Why rich people are more likely to lie, cheat and steal
What is about money that makes people do bad things?
It seems a fair question when the news is dominated by misdeeds of the rich and powerful. The Paul Manafort trialrevealed details of his alleged crimes: defrauding banks out of tens of millions of dollars, evading taxes by stashing huge sums in offshore accounts and using riches earned through unregistered work for foreign governments to buy US$15,000 ostrich and python jackets.
Manafort’s deputy Rick Gates testified about the small fortune he embezzled and spent on his globe-trotting infidelities. Also in the news recently, Rep. Chris Collins was charged with insider trading. Scandals have shown Trump’s cabinet members flouting government rules and ethics for private jet rides, $31,000 dining table sets, $43,000 soundproof booths and questionable business trips abroad.

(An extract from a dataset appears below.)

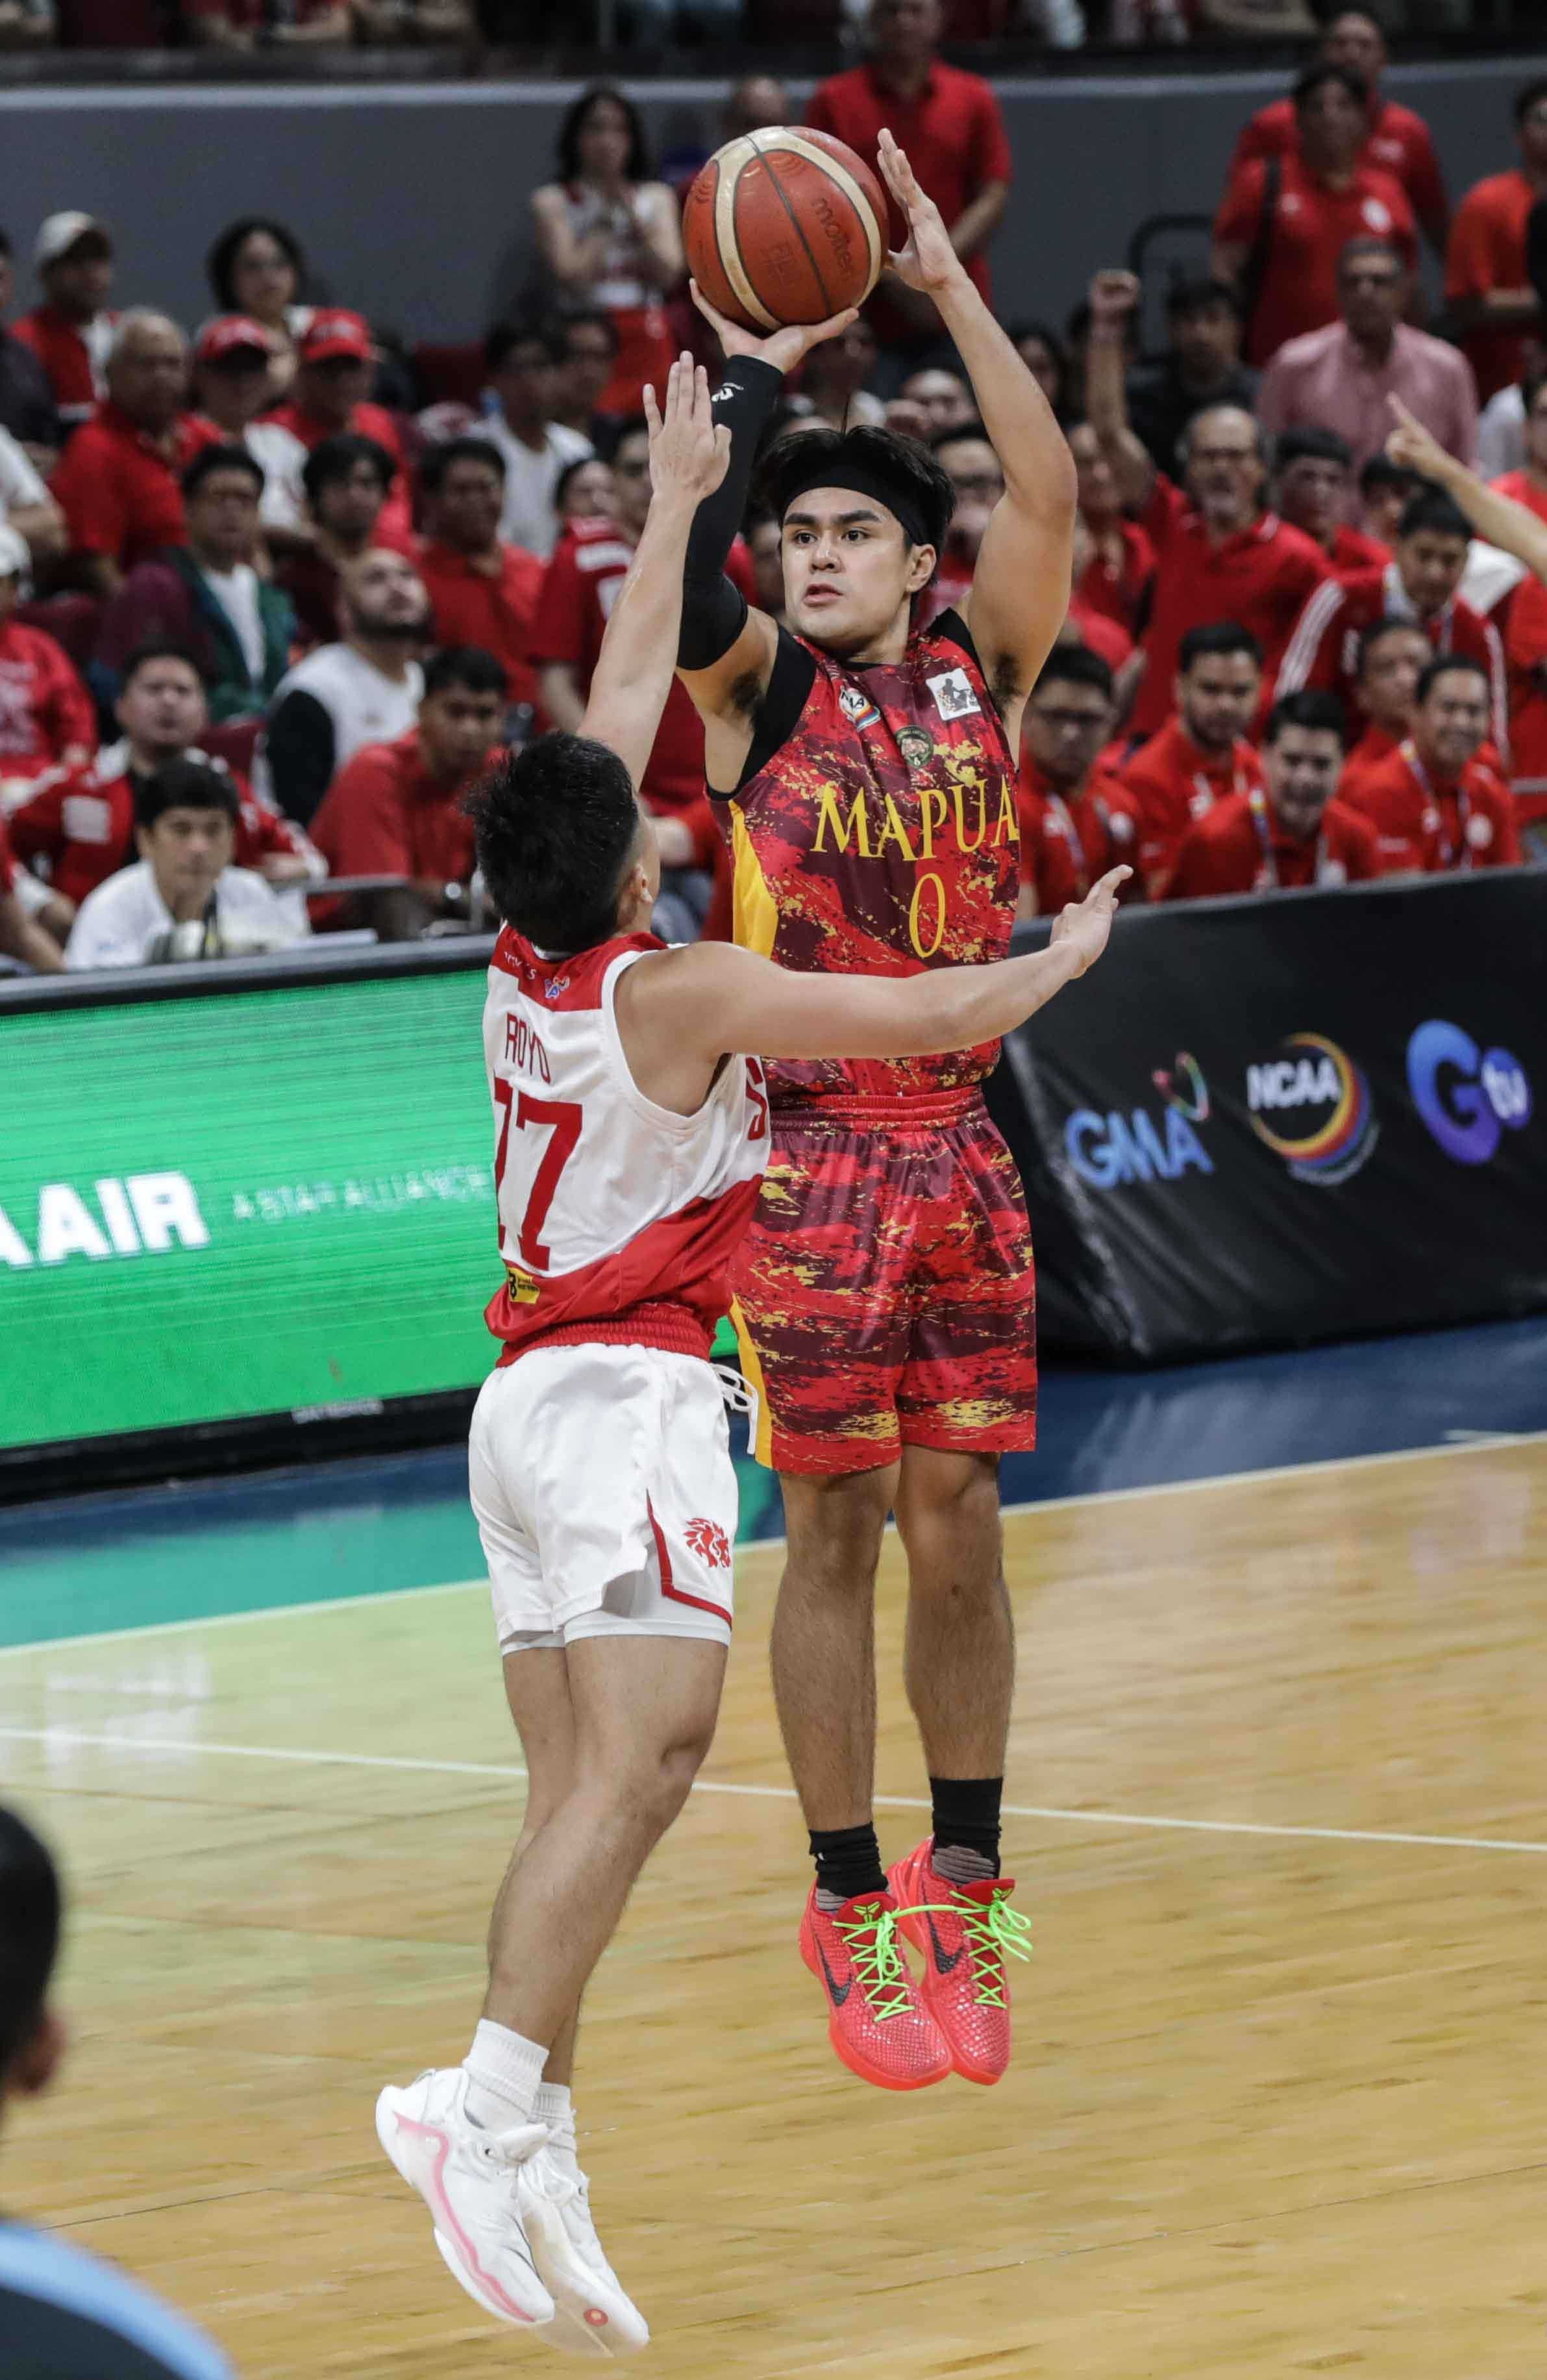 Escamis, Cardinals brace for â��all-out warâ�� in Game 3 vs Lions

“To researchers who study wealth and power, it’s dismaying but not surprising because it tracks so closely with our findings. The effect of power is sadly one of the most reliable laws of human behaviour,” said Dacher Keltner, a psychologist at the University of California, Berkeley, who has spent decades studying wealth, power and privilege.
Six years ago, Keltner and Paul Piff published influential innovative experiments that confirmed many of our worst assumptions about the rich and the corrupting power of wealth.
In one experiment, the researchers stationed themselves at a busy intersection with four-way stop signs and tracked the model of every car whose driver cut off others instead of waiting their turn. People driving expensive cars — like a brand new Mercedes — were four times more likely to ignore right-of-way laws than those in cheap cars.
“It told us that there’s something about wealth and privilege that makes you feel like you’re above the law, that allows you to treat others like they don’t exist,” Keltner said.